> Material provided:
■ ■ ■ ■

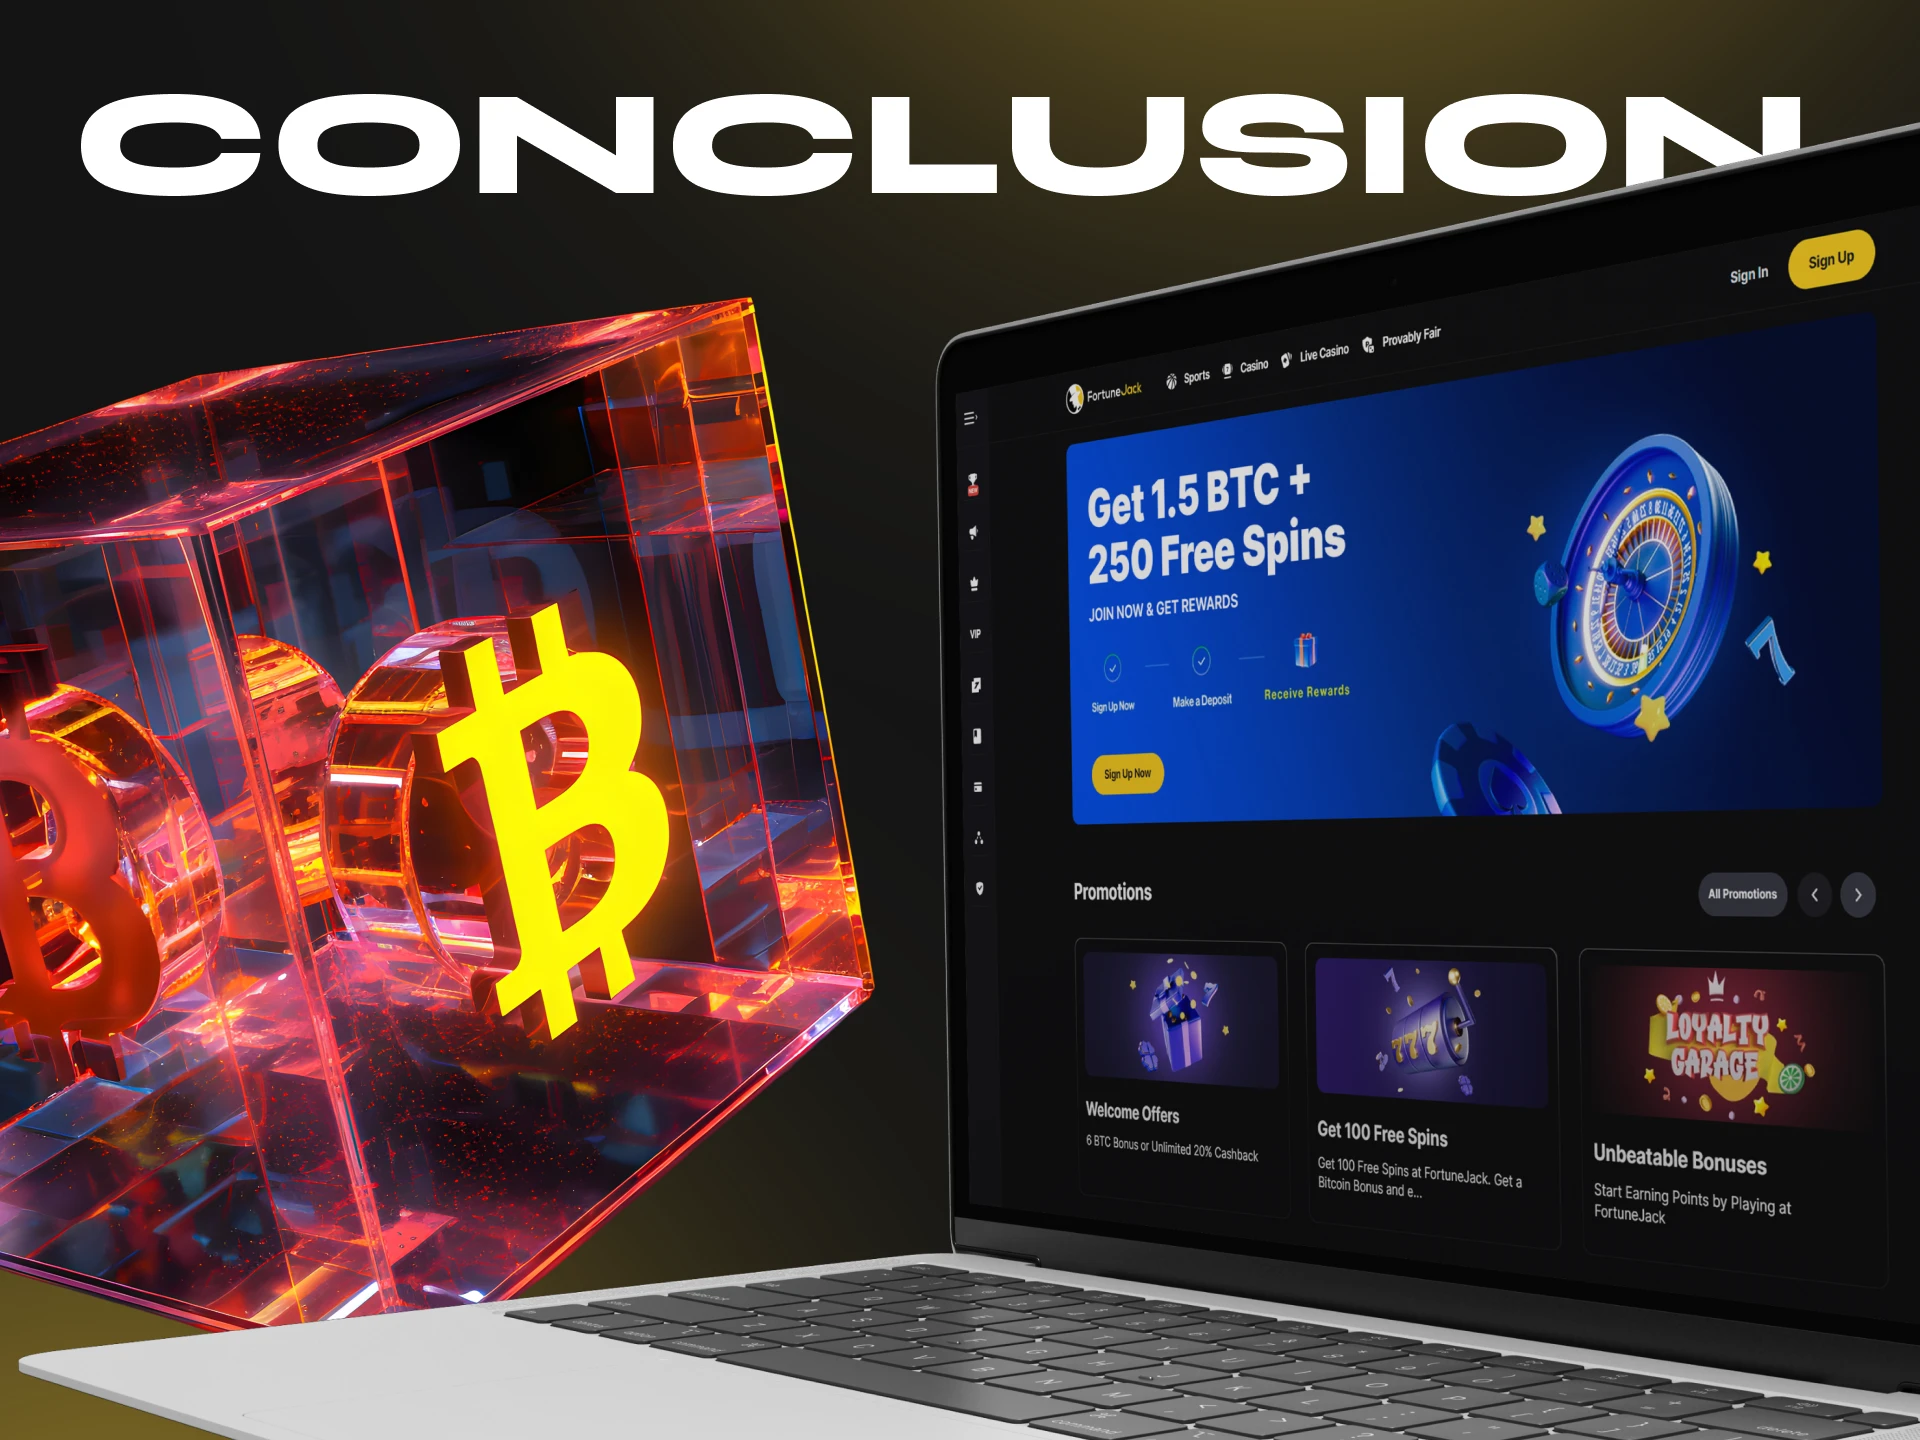 Play at FortuneJack Casino with cryptocurrency and win big.
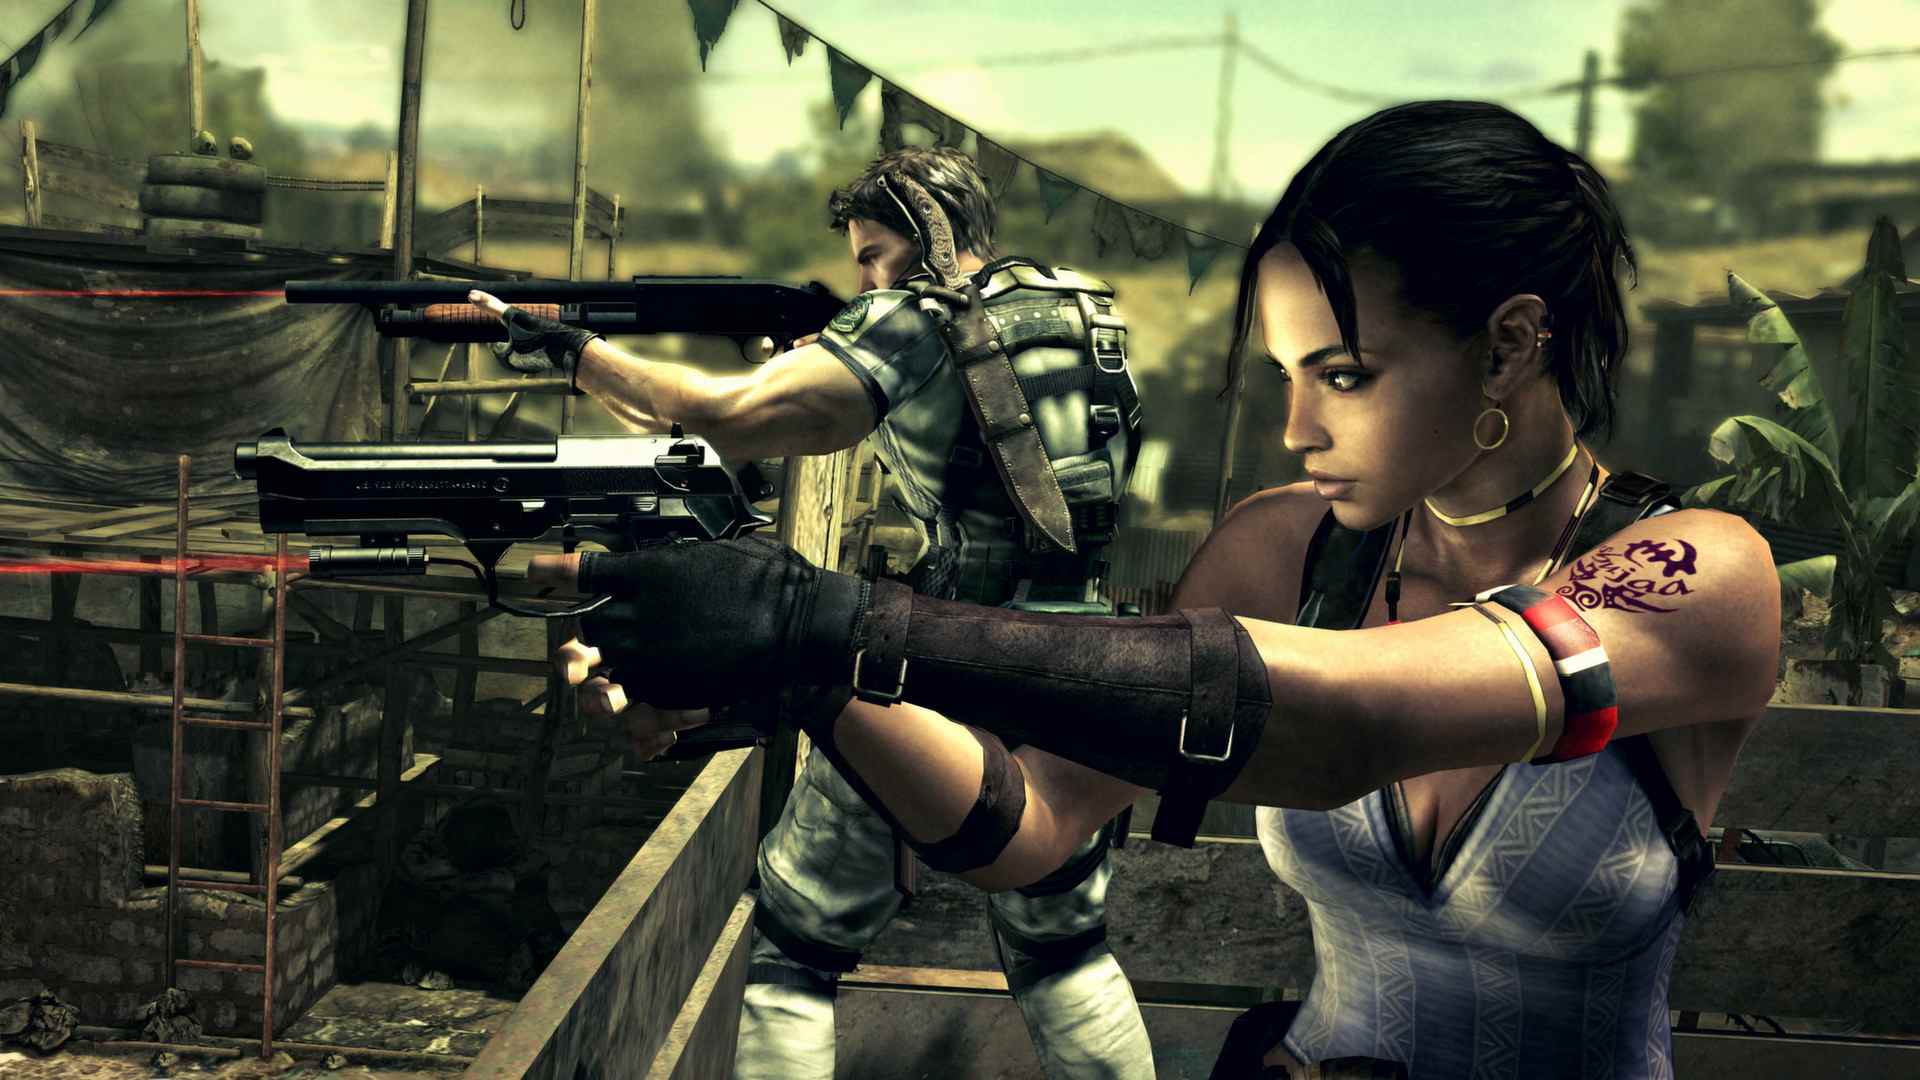 Resident Evil 5 being racist is a false narrative.
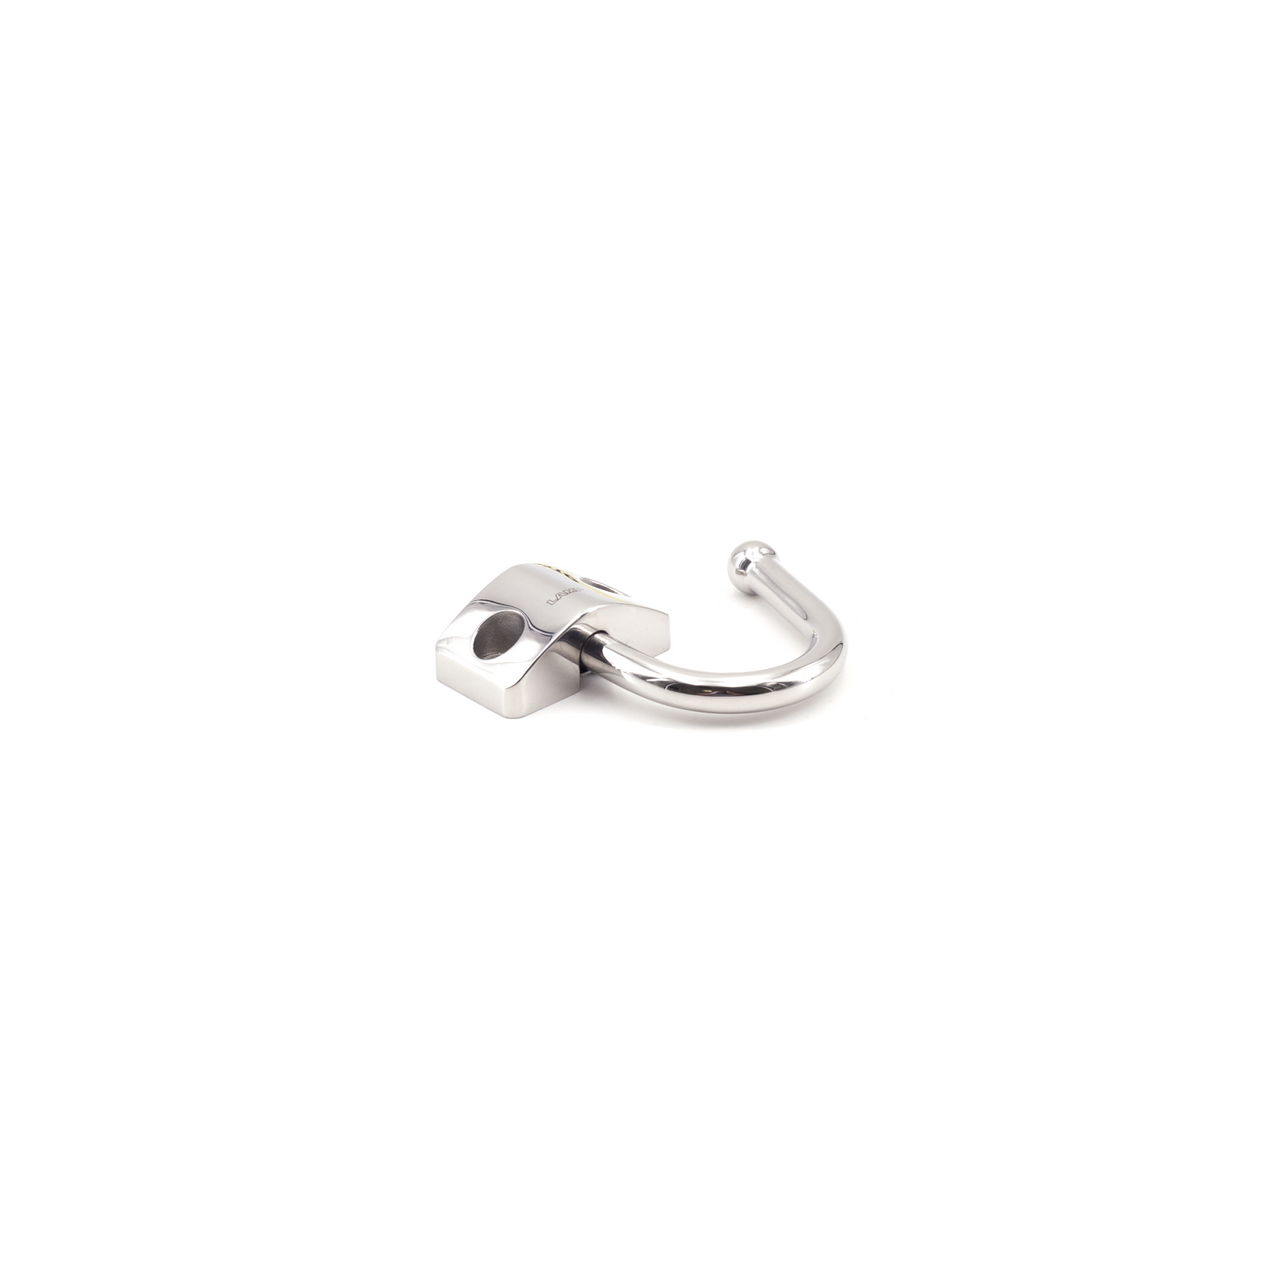 Large Single Stainless Steel S Hook

■ ■ ■ ■

> Work to complete:
Copy out all the data exactly. The images should not appear in the copy.

> Answer to this exercise:
 Play at FortuneJack Casino with cryptocurrency and win big.
 Resident Evil 5 being racist is a false narrative.
 Large Single Stainless Steel S Hook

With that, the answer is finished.